/sqldf

A simple wrapper to run SQL queries (SQLite3) on pandas.Dataframe objects (Python)

Primary LanguagePythonMIT LicenseMIT

SQLDF - Structured Query Language (SQL) on DataFrames (DF)

A simple wrapper to run SQL (SQLite) queries on pandas.DataFrame objects (Python).

Requirements

  • 'python' >= 3.5
  • 'pandas' >= 1.0

Installation

With pip (from PyPI repository):

pip install sqldf

Examples of use

  • SELECT query with WHERE condition
# Import libraries
import pandas as pd
import numpy as np
import sqldf

# Create a dummy pd.Dataframe
df = pd.DataFrame({'col1': ['A', 'B', np.NaN, 'C', 'D'], 'col2': ['F', np.NaN, 'G', 'H', 'I']})

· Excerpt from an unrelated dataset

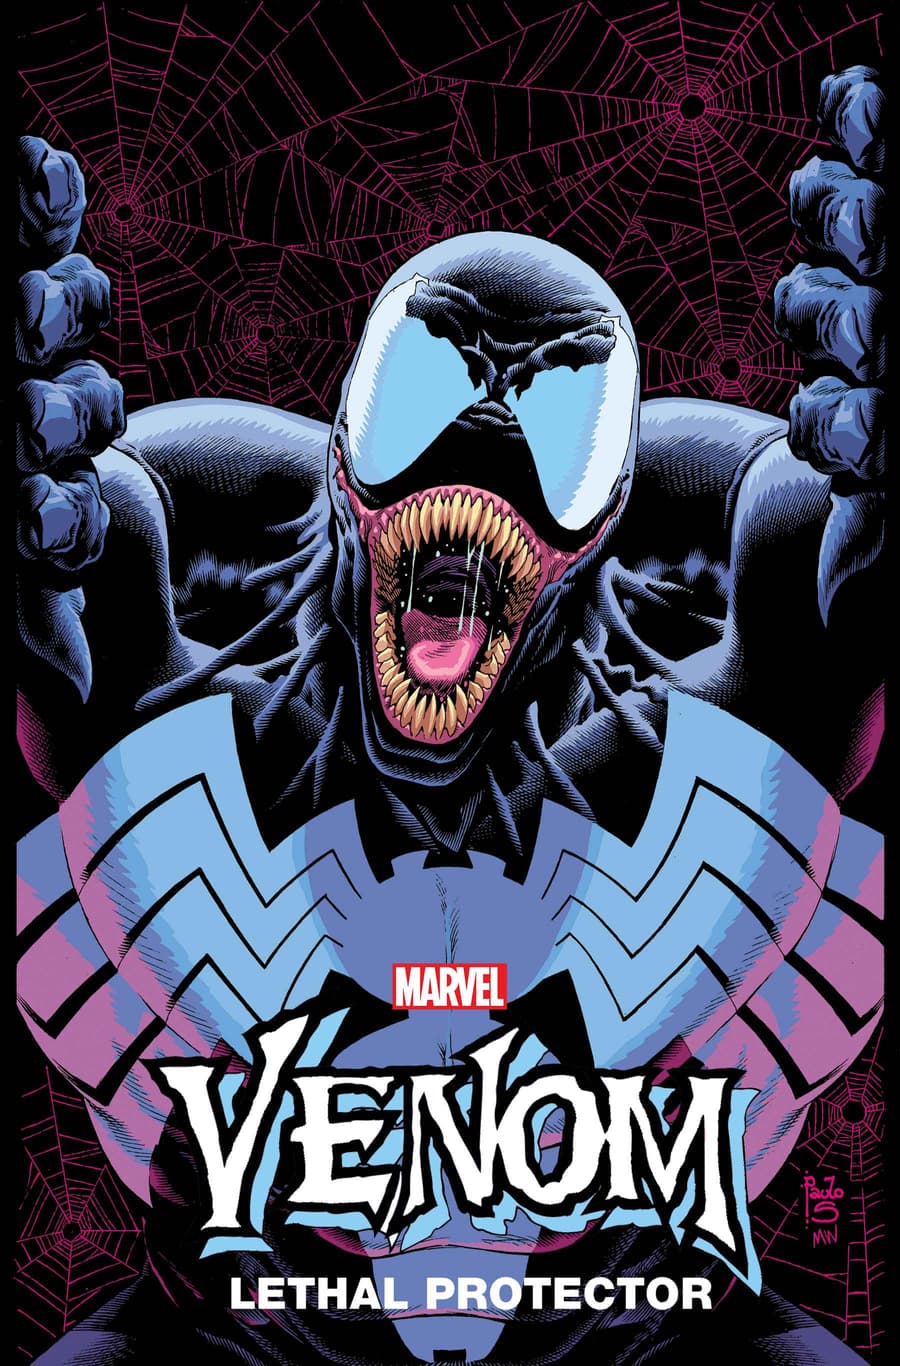 VENOM: LETHAL PROTECTOR II #1 (OF 5) Cover by PAULO SIQUEIRA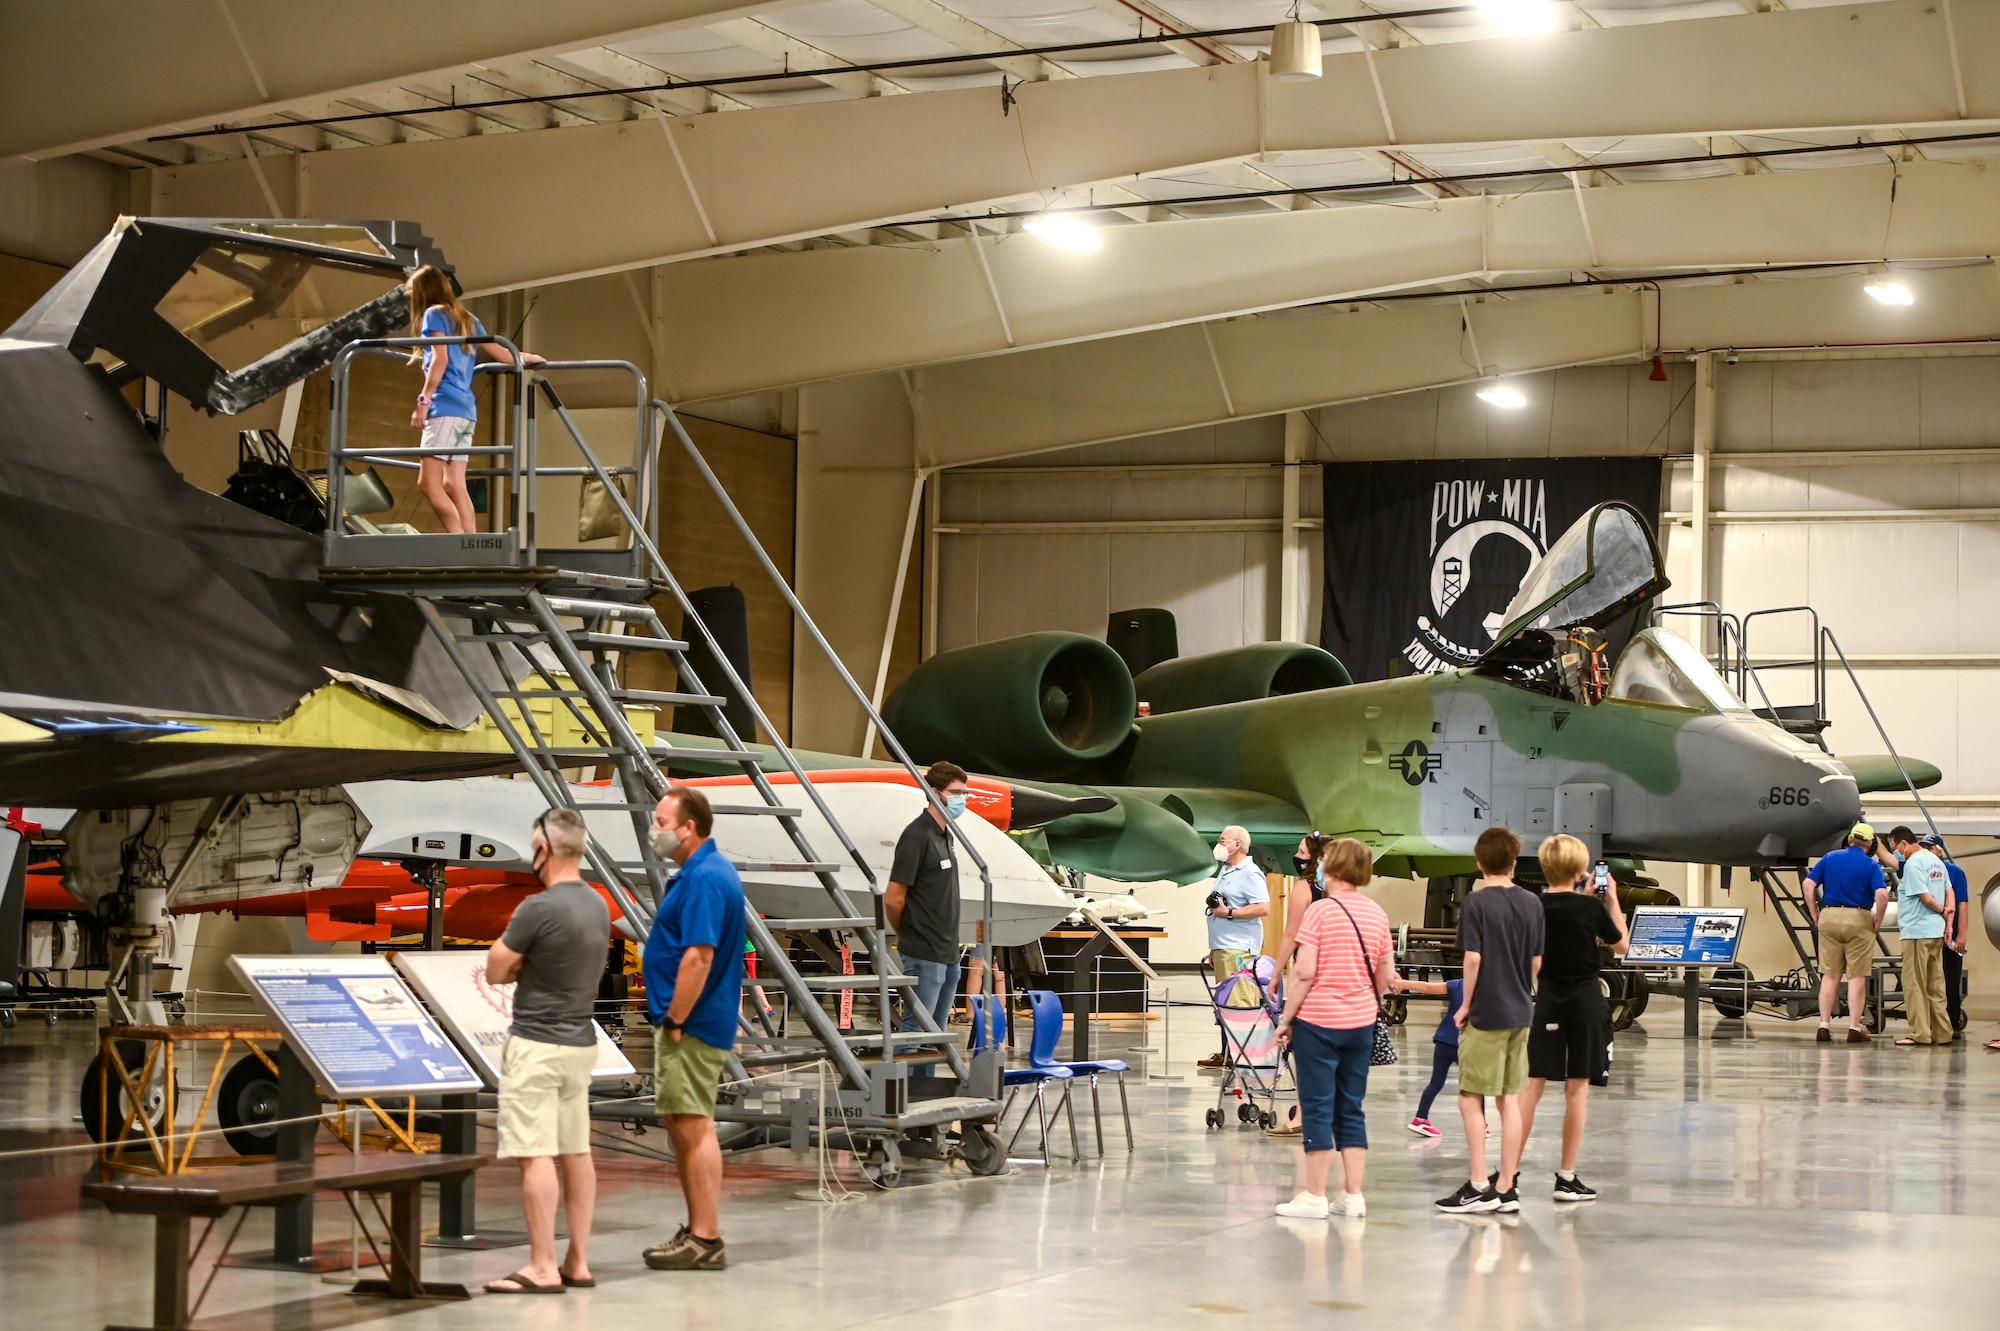 Visitors enjoy the open aircraft exhibits while visiting Hill Aerospace Museum Sept. 16, 2021, at Hill Air Force Base, Utah. The museum is offering special programs and exhibits during Top of Utah Museum Week, which runs through Sept. 18. (U.S. Air Force photo by Cynthia Griggs)

# Define a SQL (SQLite3) query
query = """
SELECT *
FROM df
WHERE col_1 IS NOT NULL;
"""

# Run the query
df_view = sqldf.run(query)
  • UPDATE query that change inplace a pd.Dataframe
# Import libraries
import pandas as pd
import sqldf

# Create a dummy pd.Dataframe
url = ('https://raw.github.com/pandas-dev/pandas/master/pandas/tests/data/tips.csv')
tips = pd.read_csv(url)

# Define a SQL (SQLite3) query
query = """
UPDATE tips
SET tip = tip*2
WHERE tip < 2;
"""

# Run the query
sqldf.run(query)

How it works

  1. It create a virtual in-memory SQLite3 database at runtime
  2. It convert the pd.DataFrame input(s) to SQL table(s)
  3. It proceed the SQL query on the table(s)
  4. It convert back the SQL table(s) to updated pd.DataFrame(s) if required
  5. It returns the result of the query if required